Hot on the heels of January's update, the PPF has issued further guidance relating to restructuring and insolvency. The further clarifications provided are a reaction to what the PPF described as inaccurate and misleading scrutiny of its involvement with the Halcrow and BHS debacles and the perception that it was too easy for employers to effectively "dump" schemes.1
The Guidance applies in the event that an employer is facing insolvency and the pension scheme is in deficit, but a restructuring package would allow them to continue trading. The PPF may take on the pension fund in such an instance to allow the business to continue trading, provided certain criteria are met.
The PPF has stated that it will only take part in a restructuring if certain principles have been met. There are seven principles that are to be applied to ensure that the pension scheme is in a significant better position than it would be through a normal insolvency process.
Actual or inevitable insolvency
Insolvency must be inevitable. This has been significantly tightened to prevent companies overstating the risk of insolvency in order to dump an unpalatable liability so as to increase value.
Significantly better outcome for the pension scheme.
There must be a significantly better outcome for the pension scheme than if the scheme were to go into an ordinary insolvency, and such a consideration is deemed by the PPF to be realistic in relation to the anticipated or actual Section 75 deficit.

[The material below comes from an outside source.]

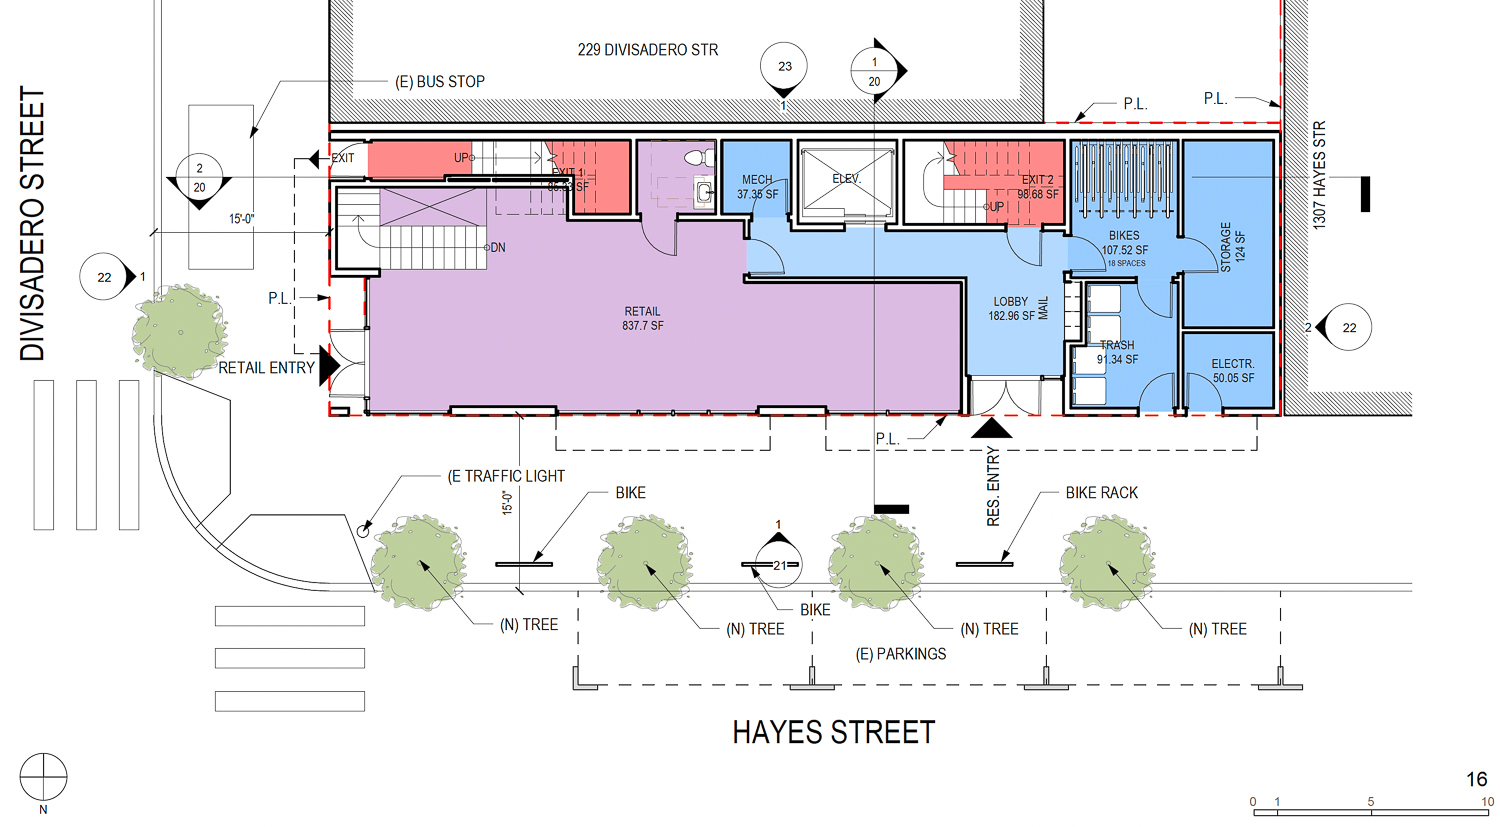 599 Divisadero Street ground-level floor plan, illustration by De Quesada Architects

What is offered to the pension scheme can be considered to be fair when compared to what the other creditors and shareholders are to gain as part of the insolvency.
The scheme must be given at least 10% of the equity where future shareholders are not currently involved with the company and at least 33% if the parties are currently involved. This is designed to prevent the business increasing in value by jettisoning the pension liability. The PPF have a standard form of shareholder agreement and articles of association which must be used in order to protect the pension scheme's interest.
Pensions Regulator contribution notice or a financial support direction
These must not generate more money for the scheme than the deal that the PPF have negotiated. This prevents the PPF from settling for a lesser sum than could have been obtained otherwise.
Pension Regulator must clear the deal. The PPF will work together with the Pensions Regulator to decide whether clearance can be granted and whether they can proceed with the restructuring proposal.
Reasonable charges by banks
Where there is a refinancing the fees charged by the banks must be reasonable. In addition, the party who is seeking the restructuring must pay the costs incurred by the PPF and the trustees, for example, legal fees for documents and execution, financial advice or TUPE liabilities
If all of these criteria are met, then the PPF will work closely with insolvency practitioners during an assessment period which, in practice, will typically last between a year and two years. This period will vary subject to the complexity of the financial situation being reviewed.. This assessment period is activated once an insolvency practitioner alerts the PPF to an insolvency event. During the assessment period, the pension scheme continues to be administered by the trustees subject to some restrictions, save that the PPF assumes the role of creditor to the insolvent employer. The guidance sets out the criteria restructuring practitioners should incorporate in any proposals made to the PPF in respect of an insolvent pension scheme employer..
The PPF will consider whether a qualifying insolvency event has actually occurred, and also ensure there has been no rescue or withdrawal event relating to the pension scheme. The valuation of the pension scheme must also be such that its assets are below the amount required to fund the PPF level of protected liabilities. If the PPF are not satisfied during the period, the creditor rights pass back the trustees and the PPF’s involvement ceases.
The PPF have tightened their controls and guidelines in order to reflect the controversial nature of the process to emphasise they will only act when insolvency is certain and their involvement would provide a significantly better outcome than any other. They are not obliged to consider any proposal made and can veto it on any number of the criteria above to avoid ‘dumping’. The rules appear well defined and easy to follow, but there may still be some flex given the Halcrow restructuring programme involved equity of less than the required 33%, meaning that the interests of business may supersede the guidelines. It is likely there will be further refinement to the guidance as more restructuring proposals are dealt with; a likely forecast in the current economic climate.